At one auction I found a dresser, a bed, four chairs and a big kitchen table that I could afford. The rugs were going pretty high so I backed off. Another auction got me a fresh tractor battery for ten bucks. I wished that I could do that a few times! The same place had an Aladdin hanging lantern. Nobody knew what it was. I did. I picked up a three hundred dollar kerosene lantern for twelve bucks. I gladly sent away for the two hundred dollar parts kit and the super-clean kerosene for it. I found a place for a ceiling screw-eye and an S-hook to hang it by.

I bought three more big tractor batteries at eighty-five bucks each and the cables to hook 'em up together. It was back to Lowe's to pick up four of those little high-intensity LED light bars that ran on twelve volts that I fell in love with before. I got everything connected and ran my little generator for about eight hours to get it all charged up.

June rolled around and I got my first unemployment deposit. It took me from $1247 a month to $2120 a month. When I had four thousand in the bank I called the guys that had put up my roof before and asked them to do it again.

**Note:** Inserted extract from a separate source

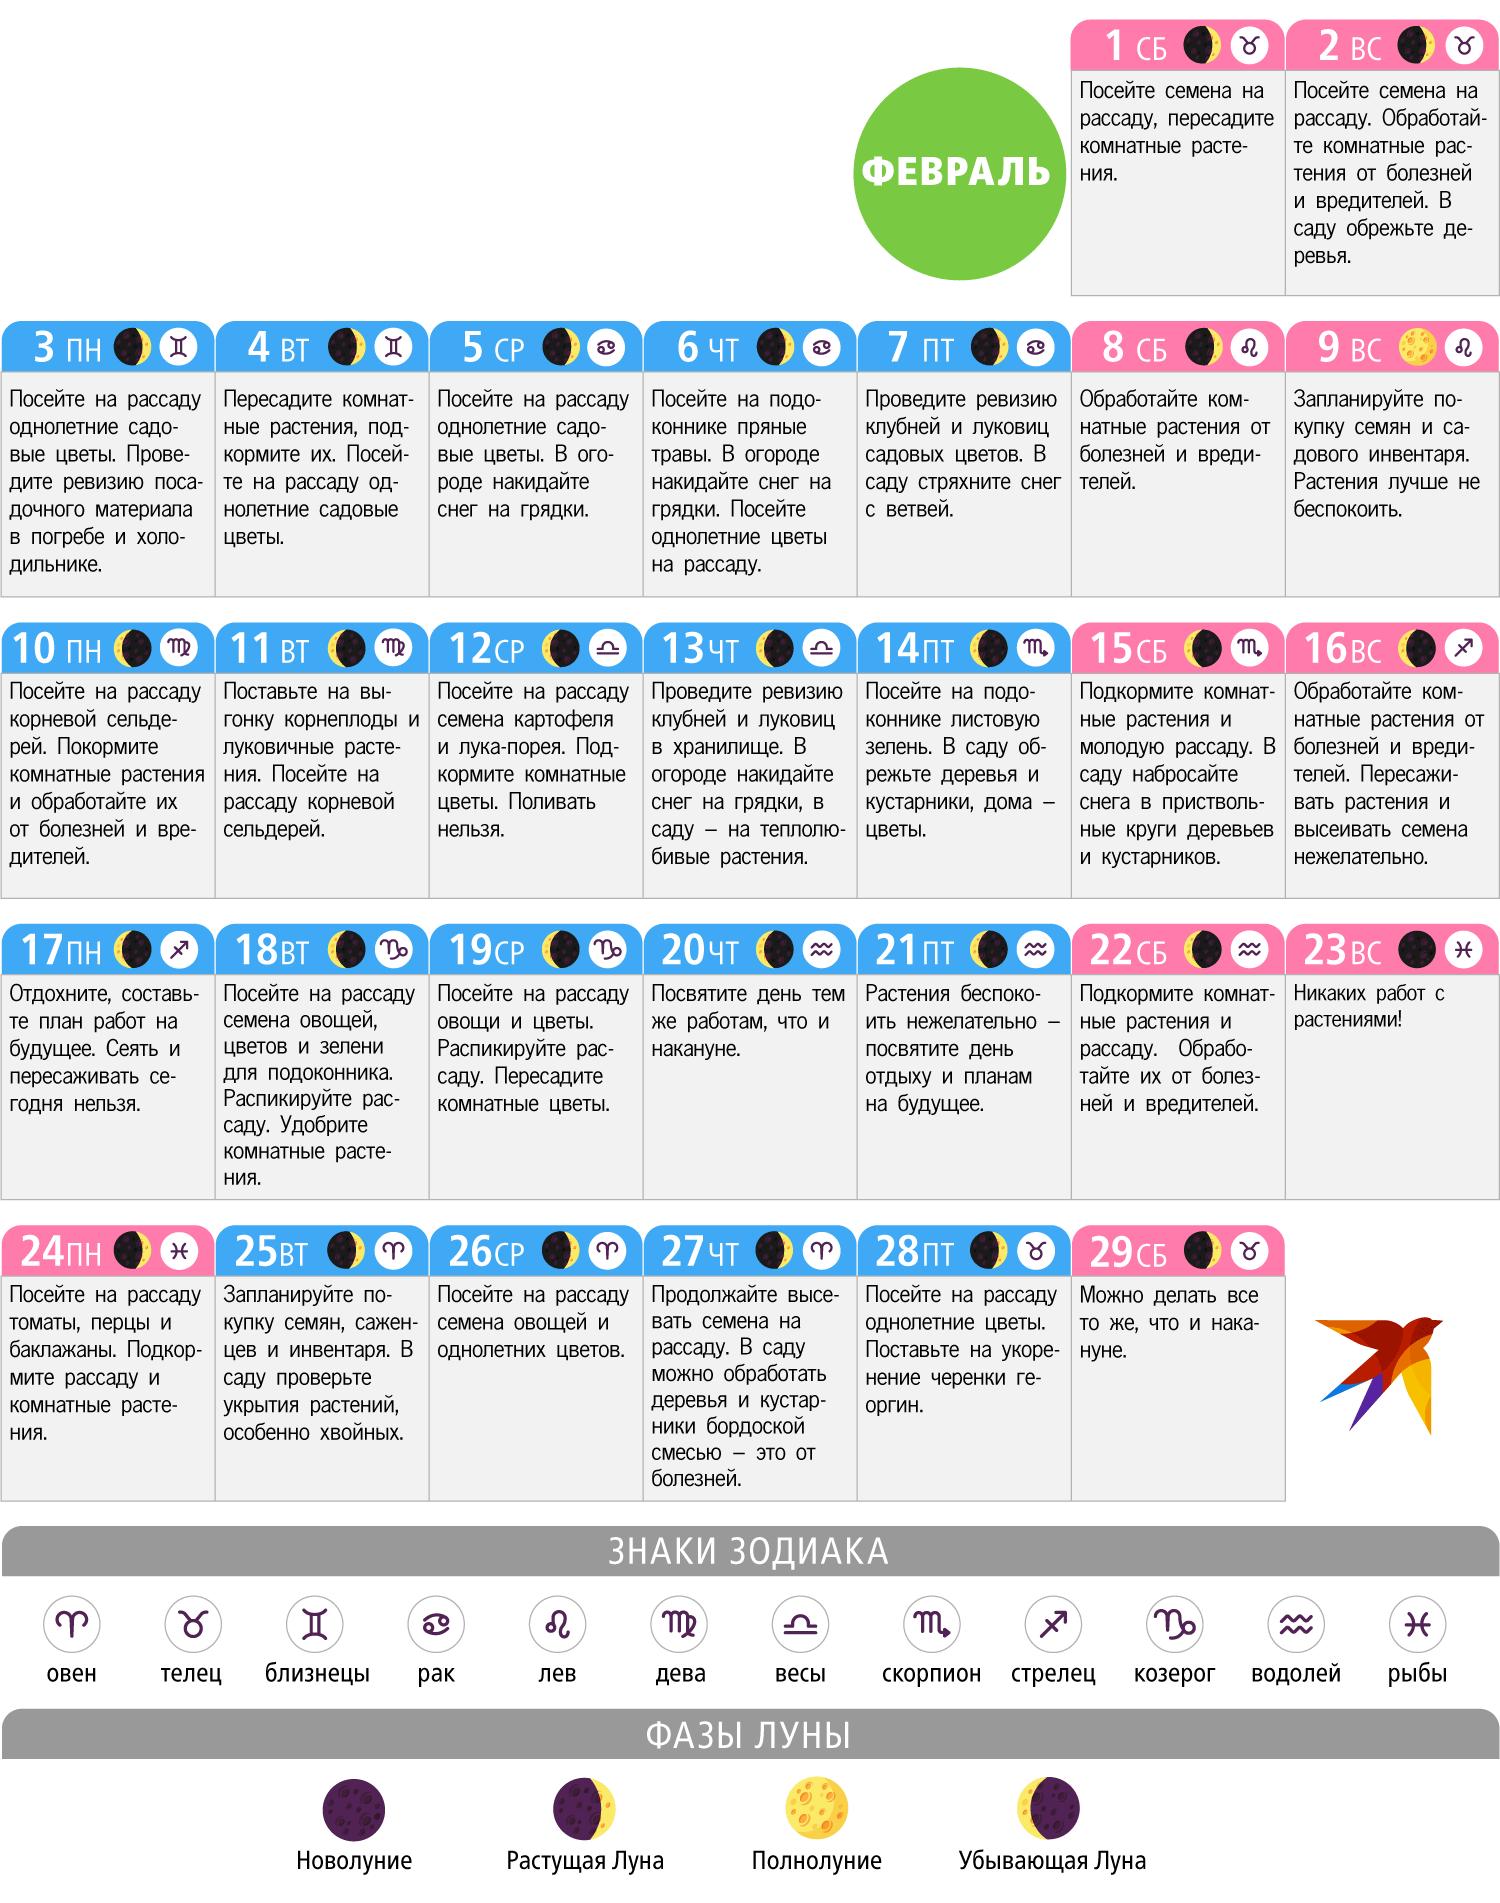 Лунный календарь огородника на май 2020

My pistol came back from the state. I took it out to try it because I didn't trust anyone with my firearms. It worked fine. They'd even cleaned it.

After the roof was installed I installed and plumbed in the water tank. I paid a professional to hook up the propane tank to the furnace I bought. After watching him I knew how to do the rest. I made sure to insulate the inside of the roof an cover it with visqueen before I closed up the access door. I didn't want the water in the tank to freeze during the winter. If it got close I'd have to either run a heating tape around the supply pipe or put in a stock watering tank heater.

I bought a few twelve volt fans for the windows and room pass-throughs and ran a twelve volt distribution system hidden by stick-on square plastic wall conduit.